Alfred Gordon Gaydon (26 September 1911 – 16 April 2004) was a leading spectroscopist and combustion scientist.

He was brought up at Surbiton, Surrey, where he attended Kingston Grammar School. There he became a keen oarsman, later rowing for
Imperial College, London, and Kingston Rowing Club. In 1929 he graduated in Physics from the Royal College of Science (now Imperial College) and, after a period of post graduate study there accepted a post at the Shirley Institute of the Cotton Research Association near Manchester.

He was responsible for developing the shock tube as a means to study flames and combustion, and was elected a fellow of the Royal Society of London in 1953 and in 1960 awarded their Rumford Medal.

He is perhaps best known, however, for his ability to see ultraviolet light. In 1936, while he was working at the Shirley Institute, a laboratory explosion damaged his eye, which was later removed. His remaining eye, which had the lens removed was blind. But slowly, he began to regain sight and discovered that he could now see ultraviolet, although he perceived the colour as blue.
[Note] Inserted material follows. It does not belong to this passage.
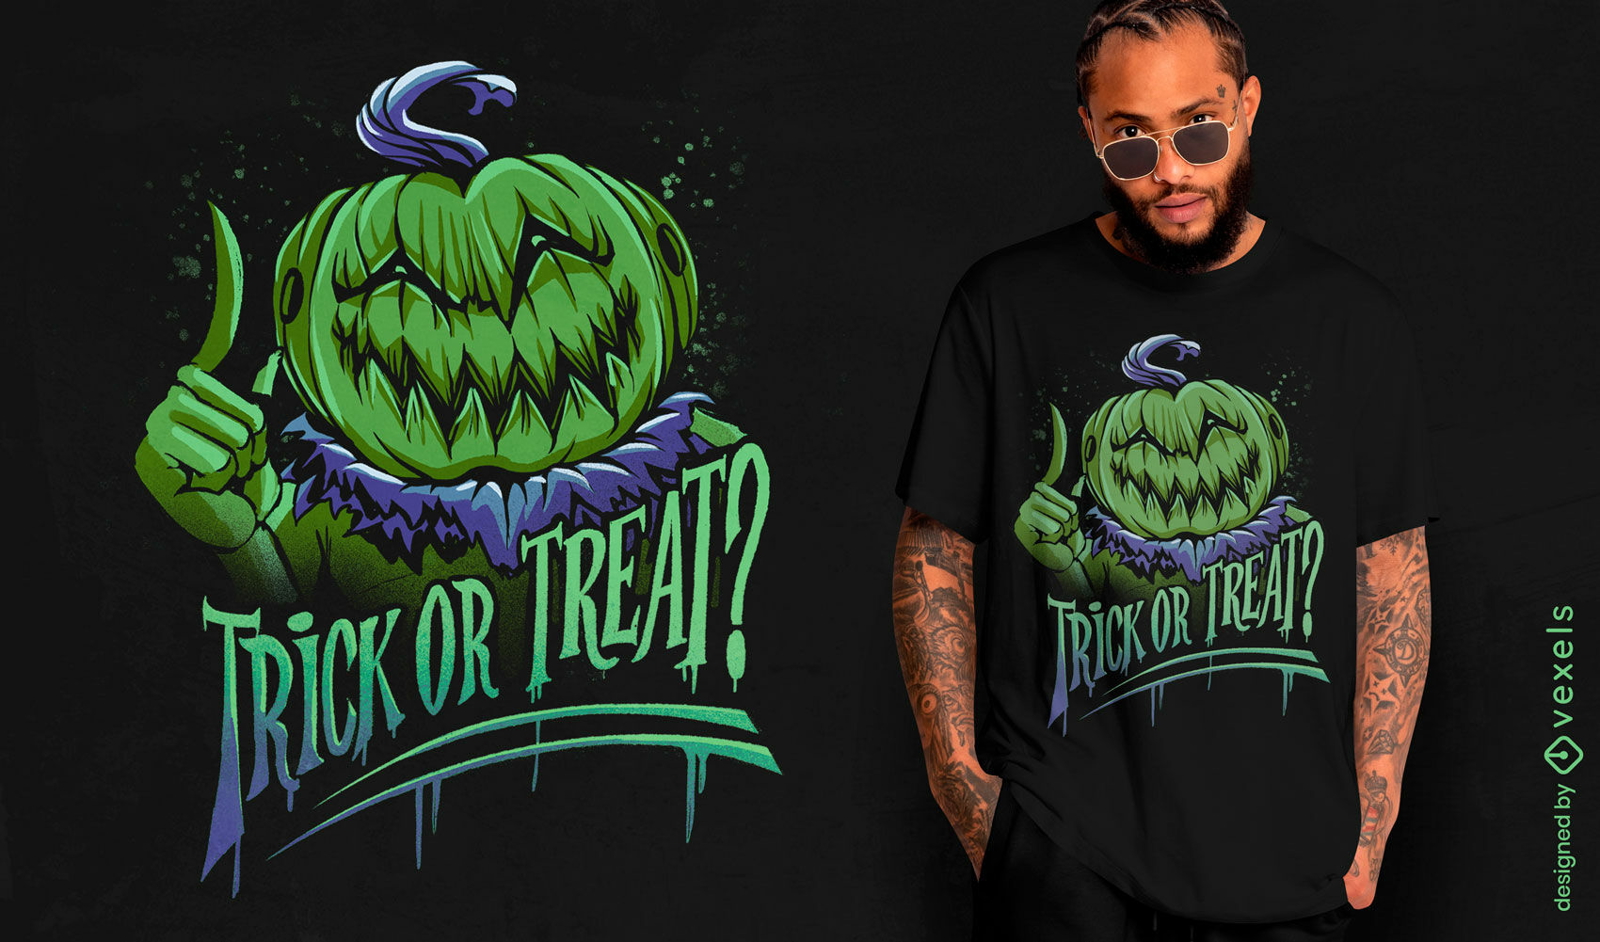 Jack O Lantern Halloween T-Shirt PSD

In 1936 he returned to Imperial College and later held the Warren Fellowship of the Royal Society and, from 1961, the Chair of Molecular Spectroscopy in the Department of Chemical Engineering and Chemical Technology .

He died in 2004. He had married Phillis Gaze in 1940.

==Books==
- A.G. Gaydon (1974). "The Spectroscopy of Flames"
- A.G. Gaydon (1979). "Flames, Their Structure, Radiation, and Temperature"
- A.G. Gaydon, I.R. Hurle (1963). "The Shock Tube In High Temperature Chemical Physics"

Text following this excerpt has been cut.